2) $\displaystyle\lim_ {(x,y)\to (0,\frac{\pi}{2} )} (1-\cos(x+y) ) ^{\tan(x+y)}$ (it should equal $1/e$).

3) $\displaystyle\lim_{(x,y) \to (0,0) } \frac{x^2 y }{x^2 + y^4 }$ (which should equal zero).

4) $\displaystyle \lim_{(x,y) \to (0,1) } (1+3x^2 y )^ \frac{1}{x^2 (1+y) }$ (which should equal $e^{3/2}$ ).

Any help would be great !

#### Solutions Collecting From Web of "Multivariable Limits"

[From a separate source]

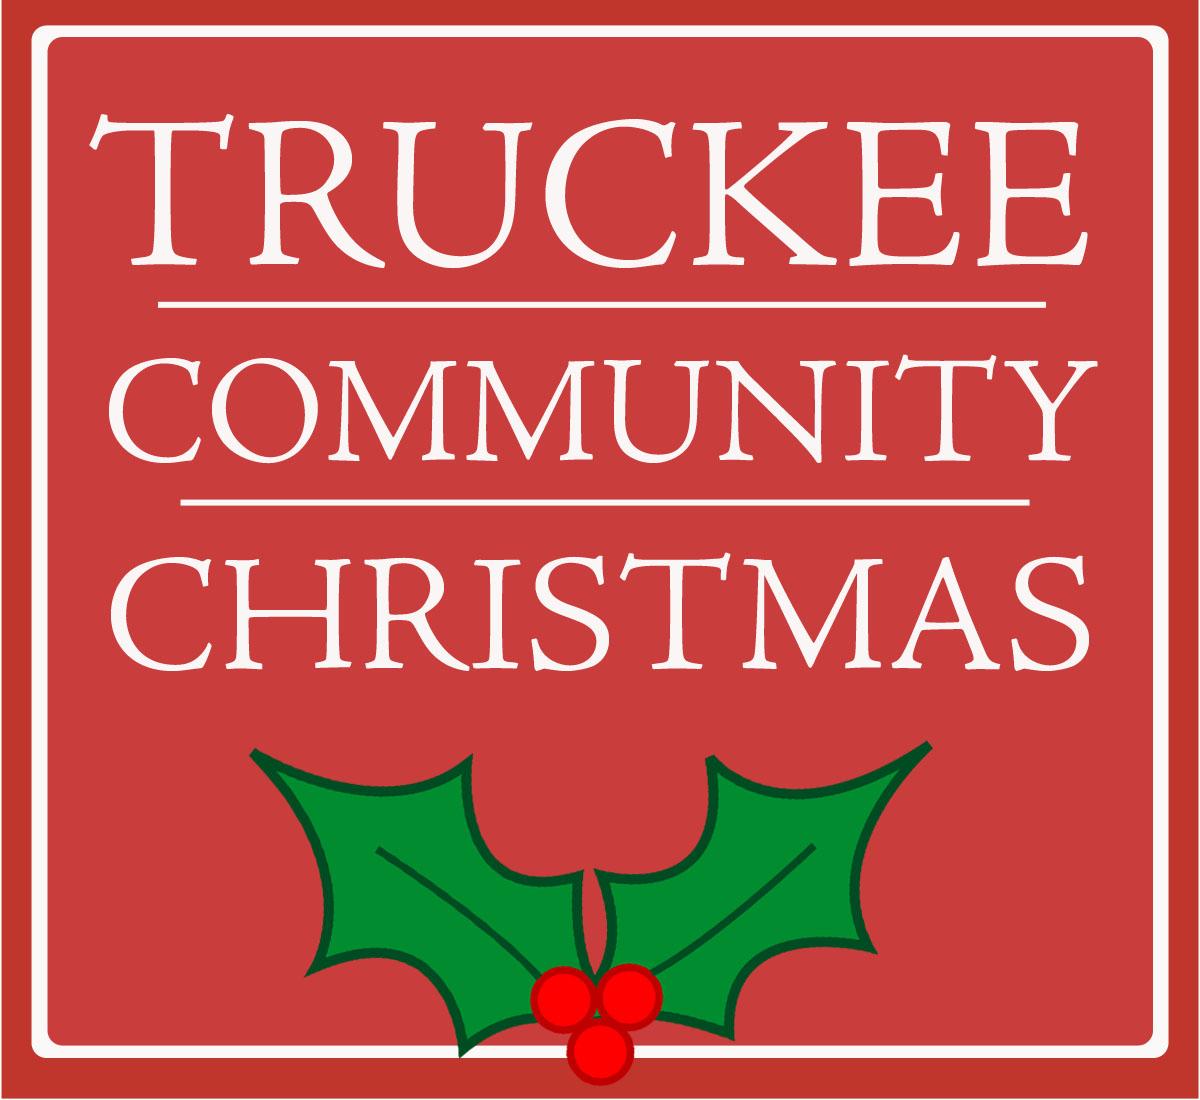 Truckee Community Christmas Logo.jpg

Hints: For problem $1$, use the fact that $|\sin t|\le |t|$. Then to show that the limit of $\frac{xy}{\sqrt{x^2+y^2}}$ is $0$, switch to polar coordinates.

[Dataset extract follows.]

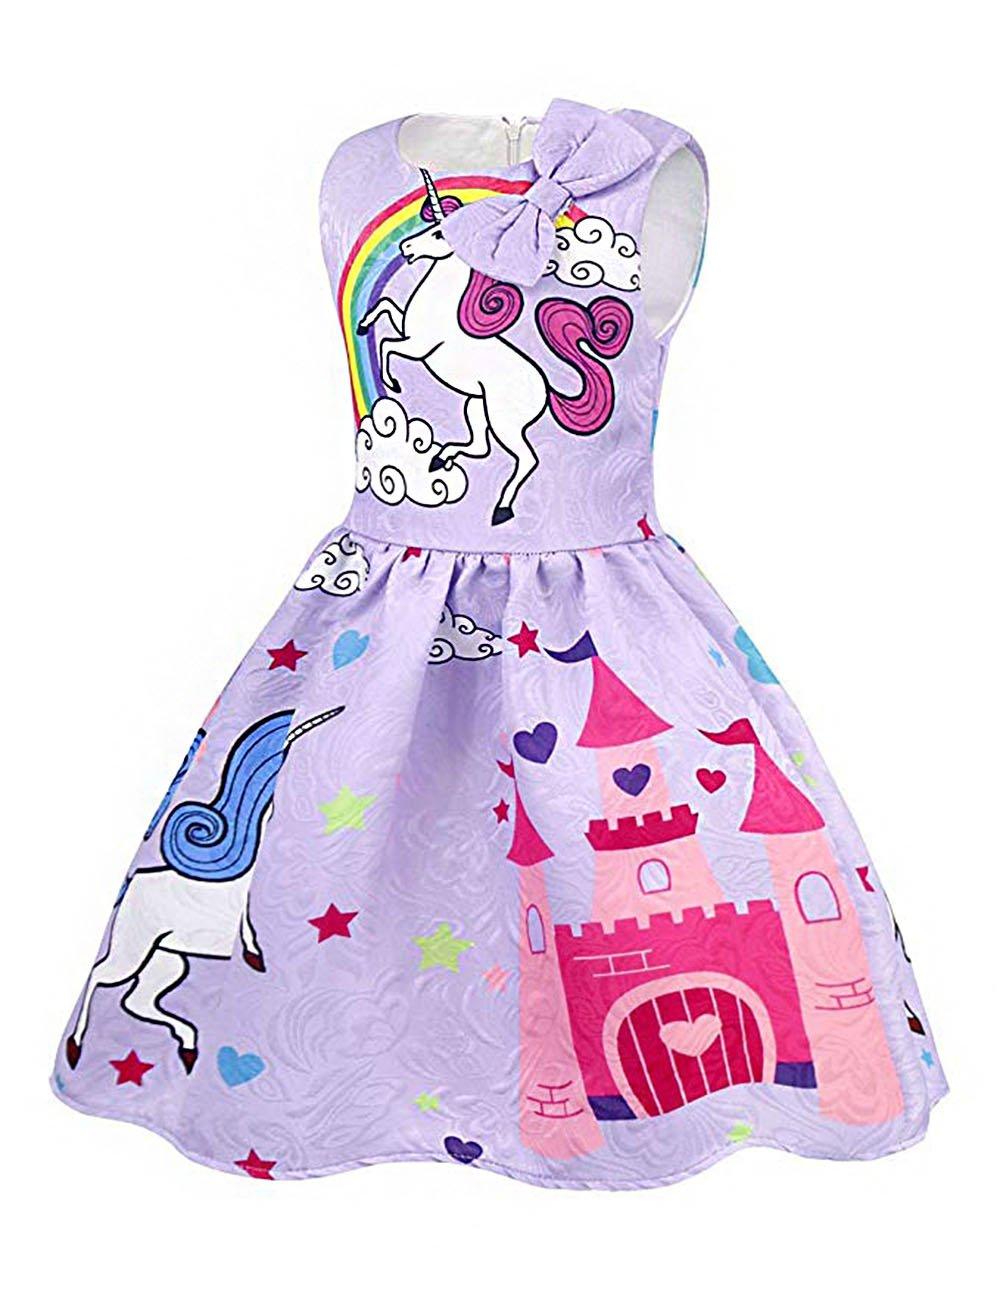 KYMIDY Summer Girls Unicorn Dress Rainbow Toddler Pleated Casual Dress

For problem $3$, it is handy to divide top and bottom by $x^2$, taking care separately of the difficulty when $x=0$.

For problem $2$, write $\tan(x+y)$ in terms of $\cos(x+y)$ and $\sin(x+y)$. Be careful about which side of $\pi/2$ the number $x+y$ is.

For problem $4$, it is useful to adjust the exponent so that it is $\frac{1}{3x^2y}$, or $\frac{1}{x^2y}$.

In $2$ and $4$, you may want to take the logarithm, and calculate the limit of that, though it is not necessary.

For (4),

$$\lim_{(x,y)\to(0,1)}\left(1+3x^2y\right)^\frac{1}{x^2(1+y)}=\lim_{(x,y)\to(0,1)}\left(\left(1+3x^2y\right)^{\frac1{3x^2y}}\right)^{\frac{3y}{1+y}}\;,$$

where $$\lim_{(x,y)\to(0,1)}\left(1+3x^2y\right)^{\frac1{3x^2y}}$$ should be a familiar limit in the one-variable setting.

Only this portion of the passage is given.